BMC NeurologyBMC series – open, inclusive and trusted201616:195

https://doi.org/10.1186/s12883-016-0716-y

Received: 4 July 2016

Accepted: 30 September 2016

Published: 7 October 2016

Abstract

Background

Congenital myasthenic syndromes (CMSs) occur as a result of genetic mutations that cause aberrations in structure and/or function of proteins involved in neuromuscular transmission. Acetylcholine receptor epsilon (ε) subunit (CHRNE) gene mutations account for about 30–50 % of genetically diagnosed cases. We report a rare CHRNE gene mutation in a South Asian female with CMS.

Case presentation

A 17-year-old Maldivian female presented with bilateral partial ptosis, fatigable proximal muscle weakness and slurring of speech noted since the age of 2 years. She could not run, had difficulty negotiating stairs and rising from a seated position, and fatigues when speaking at length. Her birth and past medical histories were otherwise unremarkable. There is no parental consanguinity or family history of muscle disorders.

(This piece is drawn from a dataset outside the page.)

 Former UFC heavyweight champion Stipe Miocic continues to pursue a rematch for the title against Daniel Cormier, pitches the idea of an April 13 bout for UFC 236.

On examination, she had a BMI of 18 kg/m2, bilateral fatigable partial ptosis, complete external ophthalmoplegia and fatigable proximal muscle weakness (MRC grade 4/5). Apart from spinal scoliosis the rest of the examination was normal.

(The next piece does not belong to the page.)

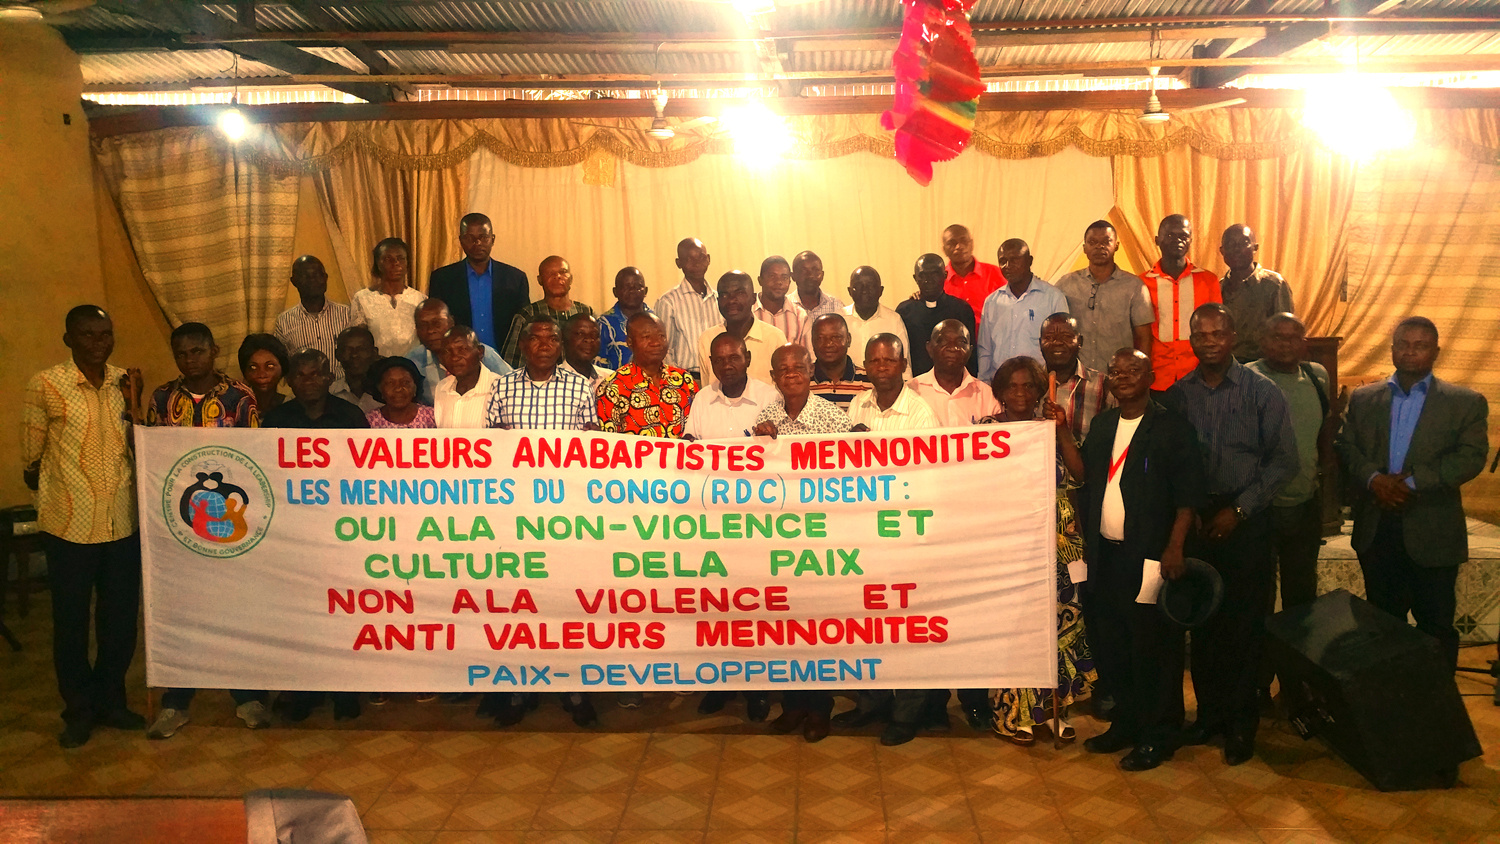 Participants discuss ideas and experiences during a workshop on Mennonite values and nonviolence in DR Congo.

Haematological and biochemical investigations including serum lactate level and thyroid functions were normal. Acetylcholine receptor antibodies and muscle specific kinase antibodies were not detected in serum. Repetitive nerve stimulation showed marked decrement (>30 %) in nerve-muscle pairs in the face and forearm. Her DNA sequencing revealed a c.183-187dupCTCAC mutation in CHRNE.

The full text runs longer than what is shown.